Раздумав, Михайла проговорил, вертя шапку:
— Не опытен я по судам-то, Степан Семеныч.
— А кабы ты был опытный, я бы тебя не учил… (Степка засмеялся до того зло, — Михайла отодвинулся, глядя на его зубы — мелкие, изъеденные.) По судам ходить нужен опыт… А то гляди — и сам попадешь на дыбу… Так-то, Миша, с сильным не связывайся, слабого — бей… Ты вот, гляжу, пришел ко мне без страха…
— Степан Семеныч, как я — без страха…
— Помолчи, молчать учиться надо… Я с тобой приветливо беседую, а знаешь, как у других бывает?.. Вот, мне скучно… Плеснул в ладоши… В горницу вскочили холопы… Потешьте меня, рабы верные… Взяли бы тебя за белы руки, да на двор — поиграть, как с мышью кошка… — Опять засмеялся одним ртом, глаза мертвые. — Не пужайся, я нынче с утра шучу.
Михайла осторожно поднялся, собираясь кланяться. Степка тронул его концом трости, заставил сесть.
— Прости, Степан Семеныч, по глупости что лишнее сказал.
— Лишнего не говорил, а смел не по чину, не по месту, не по роду, — холодно и важно ответил Степка. — Ну, бог простит. В другой раз в сенях меня жди, а в палату позовут — упирайся, не ходи. Да заставлю сесть, — не садись. И кланяться должен мне не большим поклоном, а в ноги.
У Михайлы затрепетали ноздри, — все же сломил себя, униженно стал благодарить за науку. Степка зевнул, перекрестил рот.
— Надо, надо помочь твоему убожеству… Есть у меня одна забота… Молчать-то умеешь?.. Ну, ладно… Вижу, парень понятливый… Сядь-ка ближе… (Он стукнул тростью, Михайла торопливо сел рядом. Степка оглянул его пристально.) Ты где стоишь-то, в харчевне? Ко мне ночевать приходи. Выдам тебе зипун, ферязь, штаны, сапоги нарядные, а свое, худое, пока спрячь. Боярыню одну надо ублаготворить.
— По этой части? — Михайла густо залился краской.
— По этой самой, — беса тешить. Без хлопот набьешь карман ефимками… Есть одна боярыня знатная… Сидит на коробах с казной, а бес ее свербит… Понял, Мишка? Будешь ходить в повиновении — тогда твое счастье… А заворуешься — велю кинуть в яму к медведям, — и костей не найдут. (Он выпростал из-под жемчужных нарукавников ладони и похлопал.

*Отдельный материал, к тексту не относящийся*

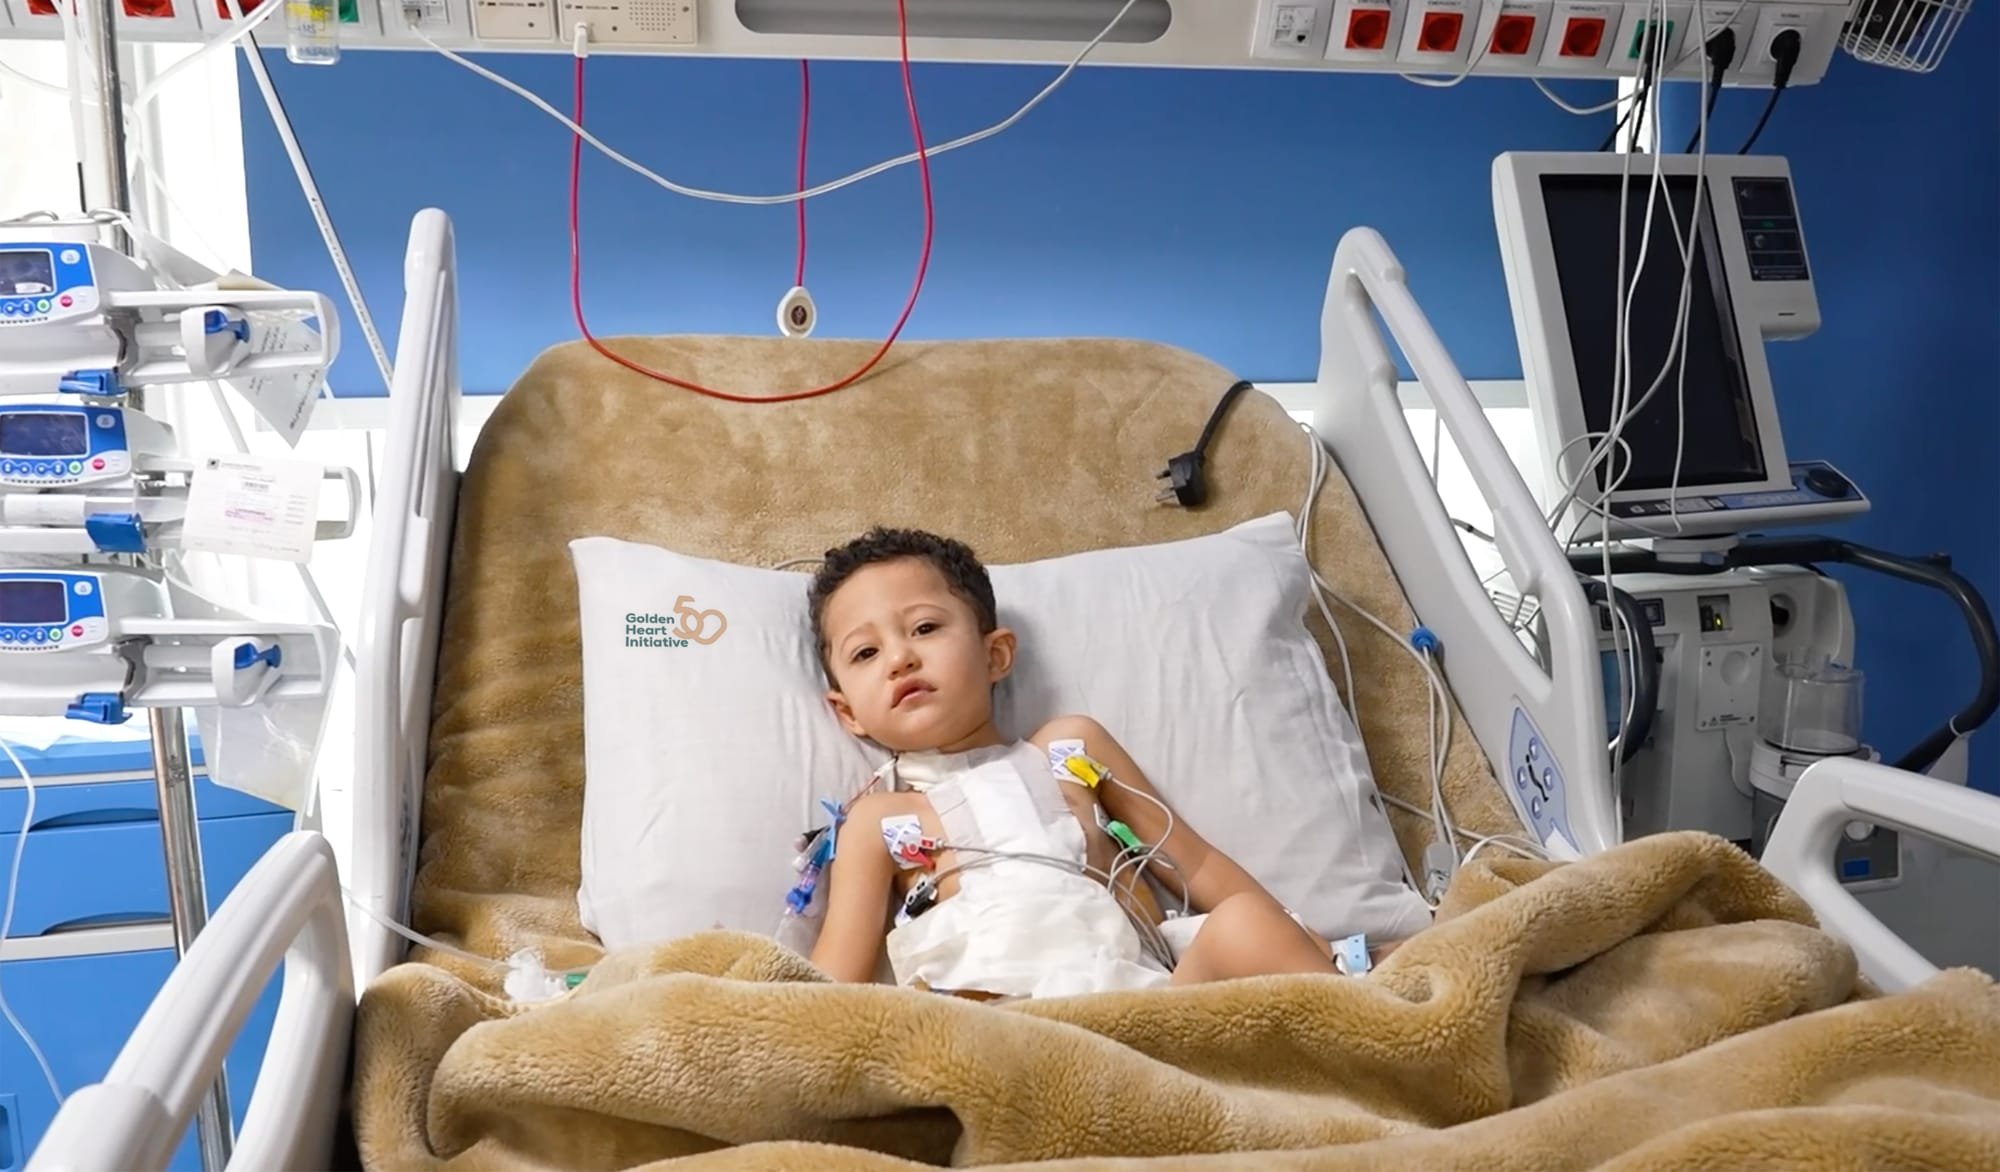 مبادرة "القلب الذهبي" تعالج 50 طفلاً مريضا بالقلب حول العالم

Вошел давешний наглый отрок.) Феоктист, отведи дворянского сына в баню, выдай ему исподнего и одежи доброй… Ужинать ко мне его приведешь.
Царевна Софья вернулась от обедни, — устала. Выстояла сегодня две великопостные службы. Кушала хлеб черный да капусту, и то — чуть-чуть. Села на отцовский стул, вывезенный из-за моря, на колени опустила в вышитом платочке просфору. Стулец этот недавно по ее приказу принесли из Грановитой палаты. Вдова царица Наталья, узнав, кричала: «Царевна-де и трон скоро велит в светлицу к себе приволочь»… Пускай серчает царица Наталья.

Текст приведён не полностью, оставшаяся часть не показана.